Why the gully matters
A gully is a landform commonly found on Earth, typically on hillsides. They look a lot like ditches or small valleys but are metres to tens of metres in depth and width. They’re created by running water (or other fluids, in some cases) eroding sharply into the hillside.
While other fluids can also create gullies, it’s almost always water. So when you see a gully in whatever environment, you can generally assume the presence of running water. Gullies are widespread at mid- to high latitudes on the surface of Mars, and are some of the youngest features observed on that planet, probably forming within the last few 100,000 years – therefore, we can assume the presence of water in the past 100,000 years on Mars and this is pretty exciting. Geologists are still debating whether these gullies indicate rivers, melting snow or simply precipitations, but they do agree that they are a strong indicator of water. Now, for the first time, the Opportunity rover will get the chance to observe one from close range.
The gully which Opportunity will study measures two football fields in surface and is situated on the bottom of a crater.
“We are confident this is a fluid-carved gully, and that water was involved,” said Opportunity Principal Investigator Steve Squyres of Cornell University, Ithaca, New York. “Fluid-carved gullies on Mars have been seen from orbit since the 1970s, but none had been examined up close on the surface before. One of the three main objectives of our new mission extension is to investigate this gully. We hope to learn whether the fluid was a debris flow, with lots of rubble lubricated by water, or a flow with mostly water and less other material.”
The rover will not only take pictures but also analyze the chemical make-up of the rocks in the area, for comparison with other rocks found in and around the crater.
“We may find that the sulfate-rich rocks we’ve seen outside the crater are not the same inside,” Squyres said. “We believe these sulfate-rich rocks formed from a water-related process, and water flows downhill. The watery environment deep inside the crater may have been different from outside on the plain — maybe different timing, maybe different chemistry.
A fantastic opportunity
The Opportunity rover landed on Mars on January 25, 2004, three weeks after its twin Spirit (MER-A) touched down on the other side of the planet. It was supposed to run for 90 days – no more than that – and yet here it is, more than a decade later, still providing valuable information about the Red Planet.
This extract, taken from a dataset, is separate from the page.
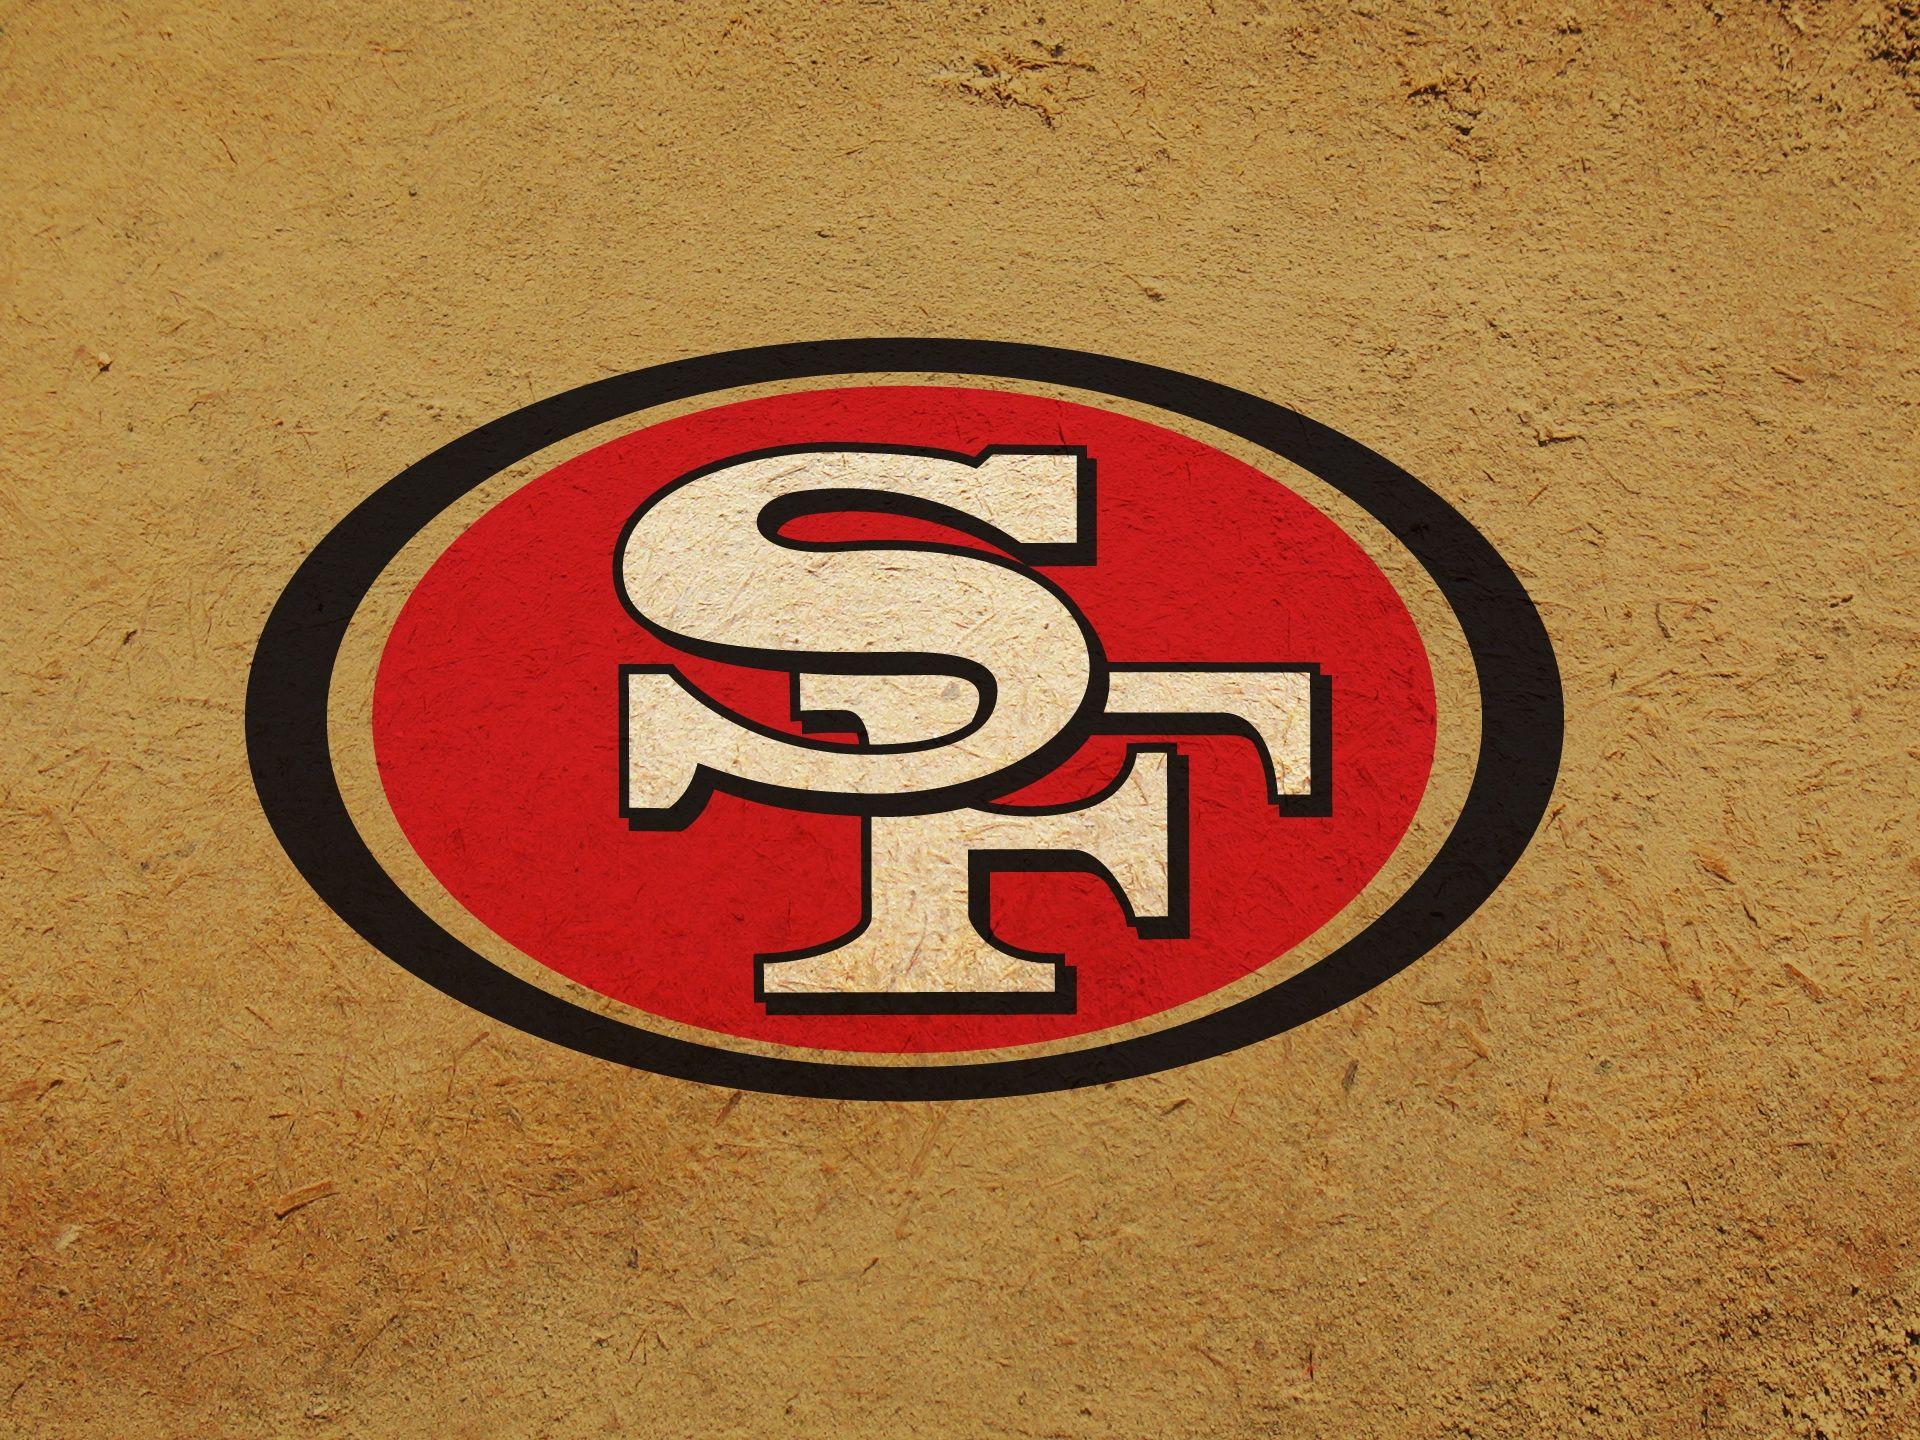 San Francisco 49ers. Wallpaper. Equipo de fútbol americano.  acb3c111bfcfd

“We have now exceeded the prime-mission duration by a factor of 50,” noted Opportunity Project Manager John Callas of NASA’s Jet Propulsion Laboratory, Pasadena, California. “Milestones like this are reminders of the historic achievements made possible by the dedicated people entrusted to build and operate this national asset for exploring Mars.”
In the two year extended missions that the rover has been carrying out recently, it analyzed the “Marathon Valley” area of Endeavour’s western rim, documenting the geological context of water-related minerals that had been mapped there from orbital observations.